┏━━

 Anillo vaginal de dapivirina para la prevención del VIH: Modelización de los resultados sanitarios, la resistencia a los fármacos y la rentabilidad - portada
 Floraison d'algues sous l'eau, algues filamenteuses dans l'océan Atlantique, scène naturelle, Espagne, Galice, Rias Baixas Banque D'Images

┗━━
┏━━

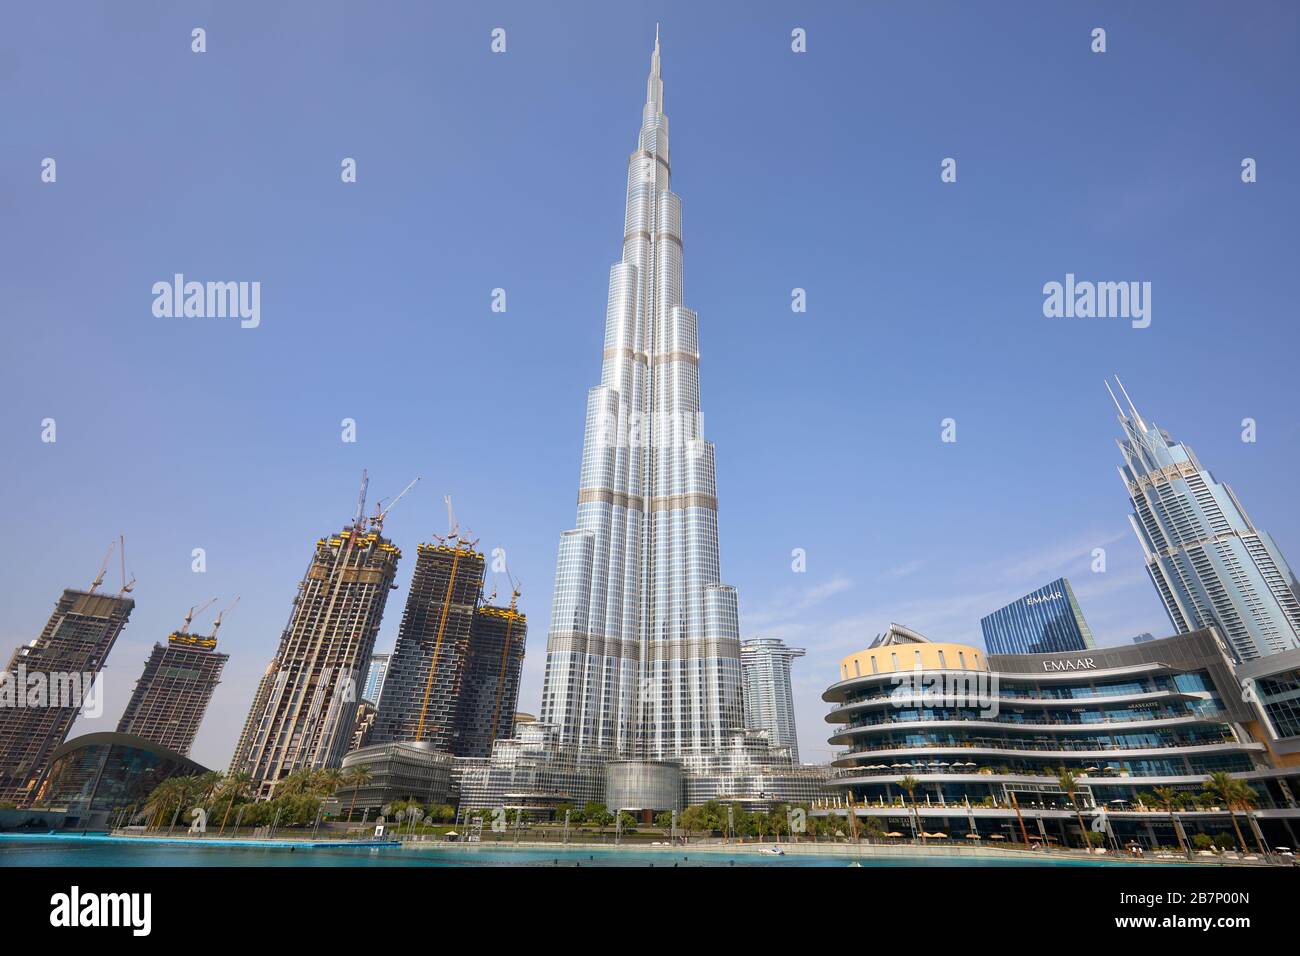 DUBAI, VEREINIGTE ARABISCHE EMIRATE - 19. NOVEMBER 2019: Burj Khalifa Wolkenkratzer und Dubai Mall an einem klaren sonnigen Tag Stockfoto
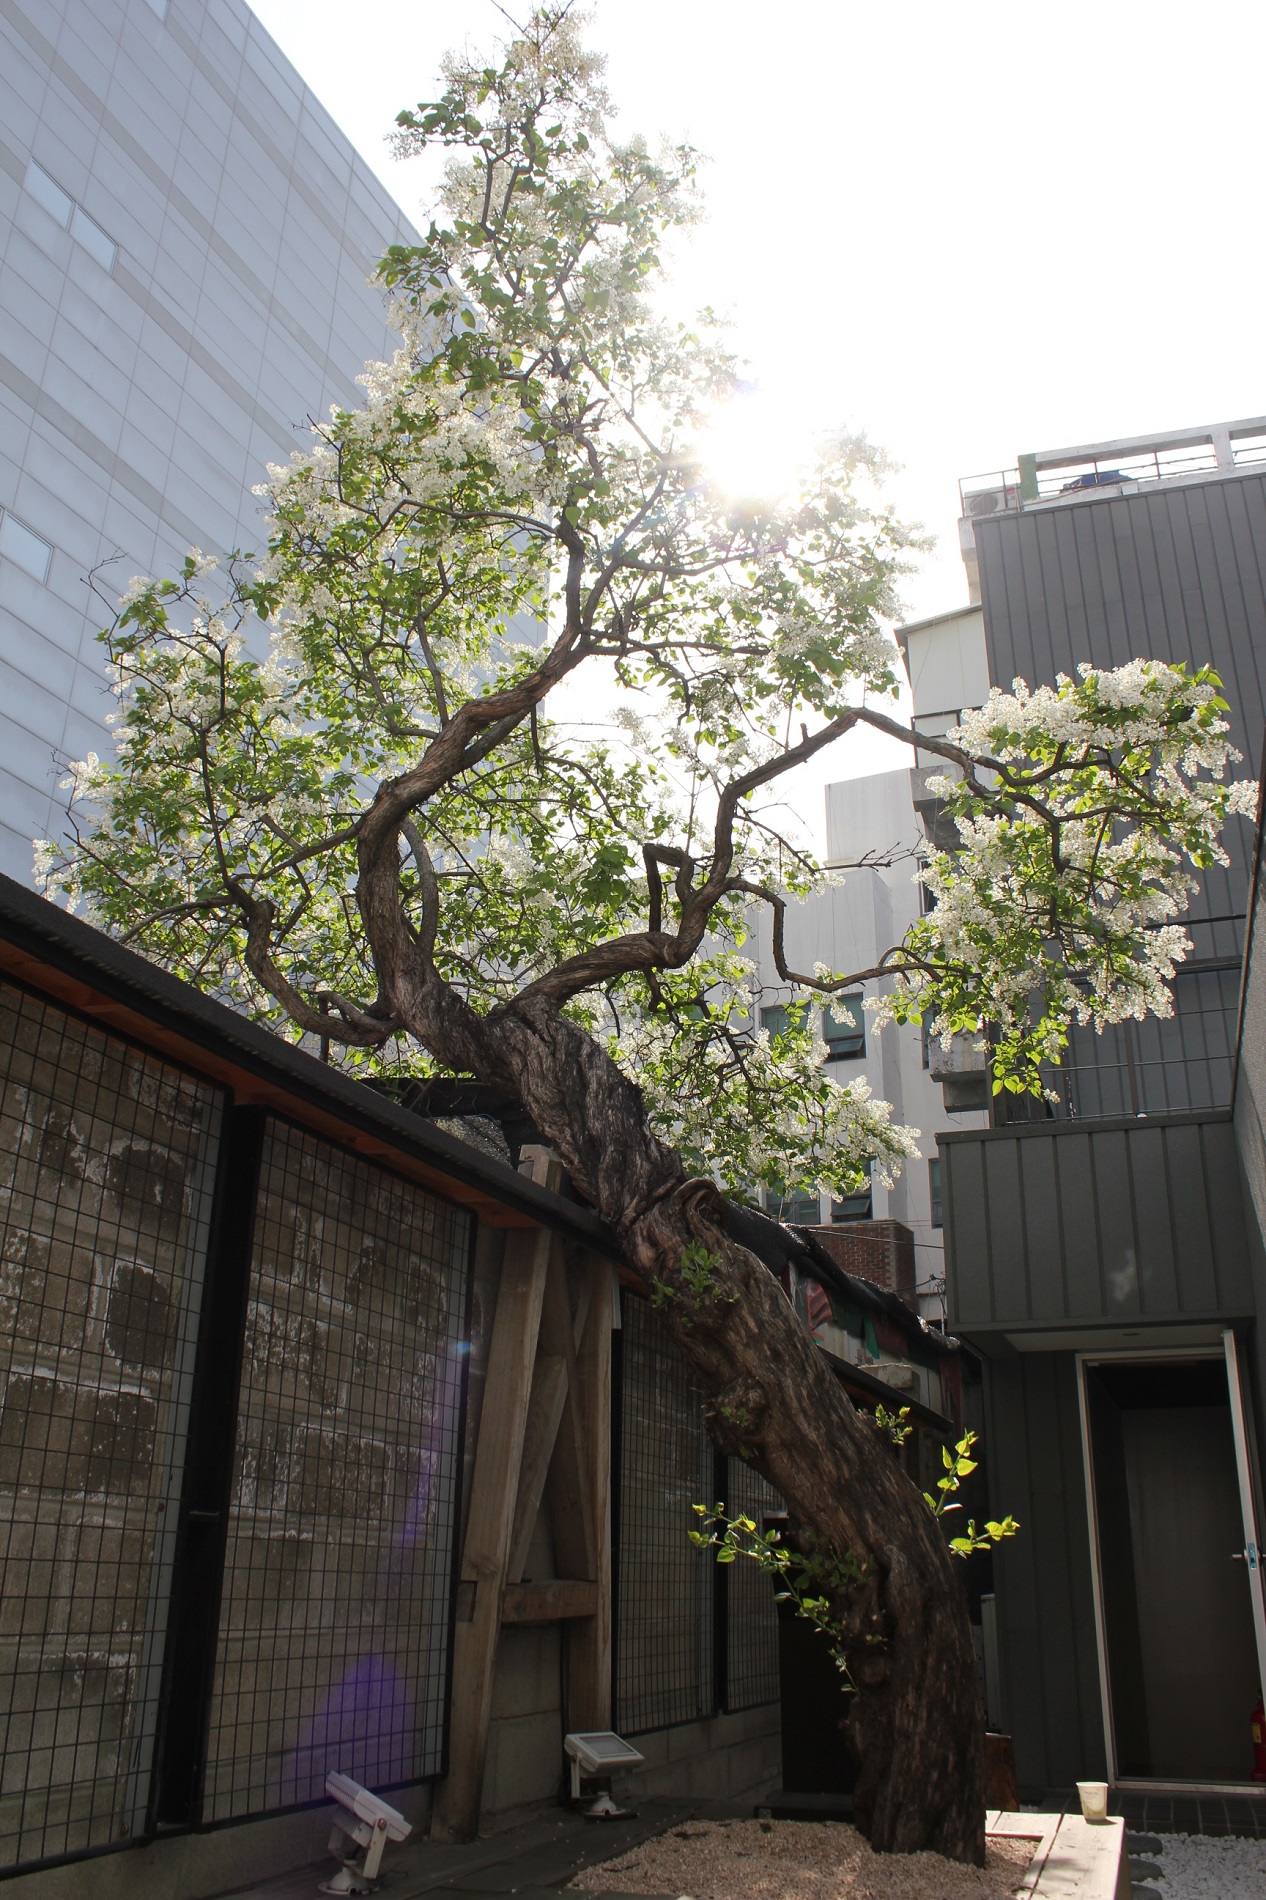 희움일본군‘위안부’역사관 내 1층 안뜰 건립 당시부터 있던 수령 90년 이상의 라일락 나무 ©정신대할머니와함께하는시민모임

┗━━
┏━━

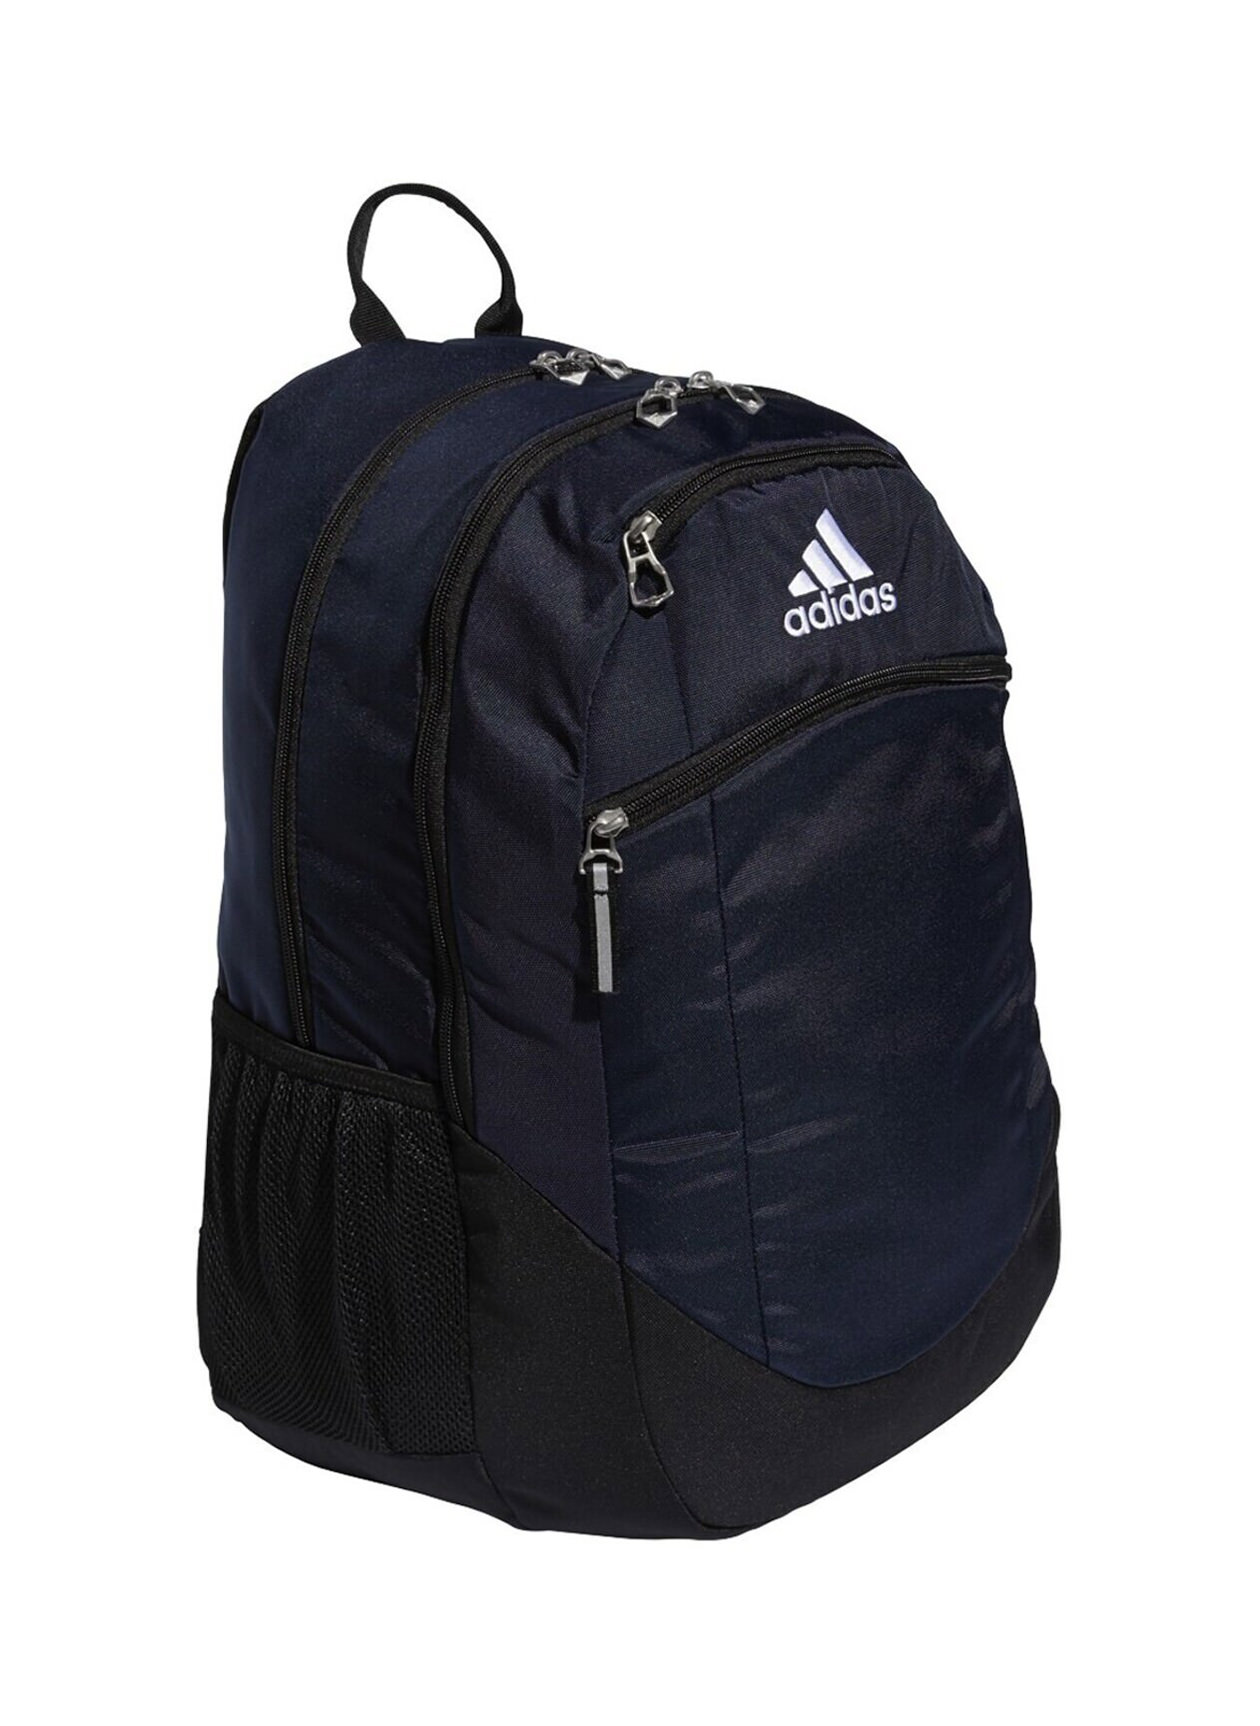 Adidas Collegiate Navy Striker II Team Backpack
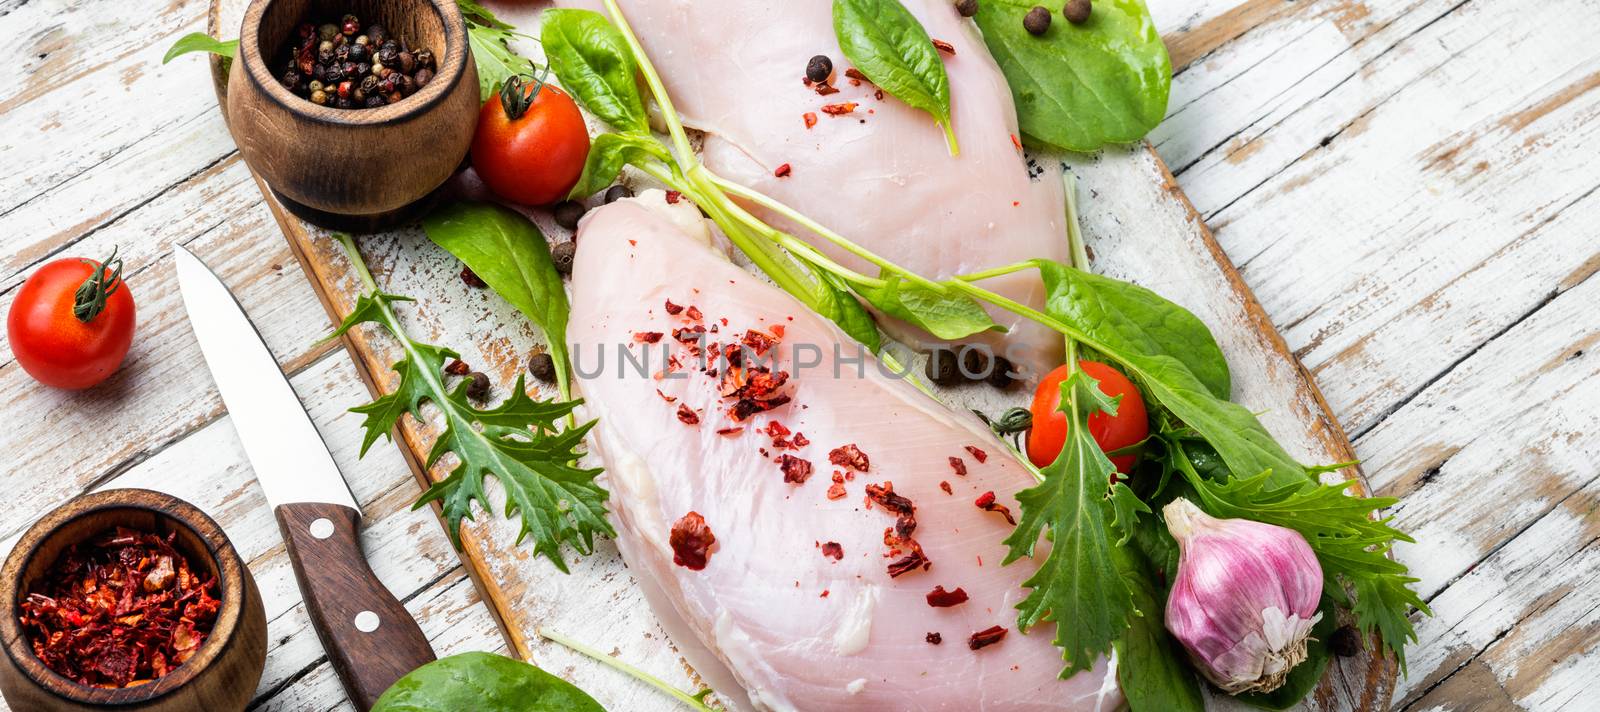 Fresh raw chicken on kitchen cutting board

┗━━

Return the span of lines in the data above that opens at the line with "Anillo vaginal de" and closes at the line with "Floraison d'algues sous", exactly, ends included, nothing else.

 Anillo vaginal de dapivirina para la prevención del VIH: Modelización de los resultados sanitarios, la resistencia a los fármacos y la rentabilidad - portada
 Floraison d'algues sous l'eau, algues filamenteuses dans l'océan Atlantique, scène naturelle, Espagne, Galice, Rias Baixas Banque D'Images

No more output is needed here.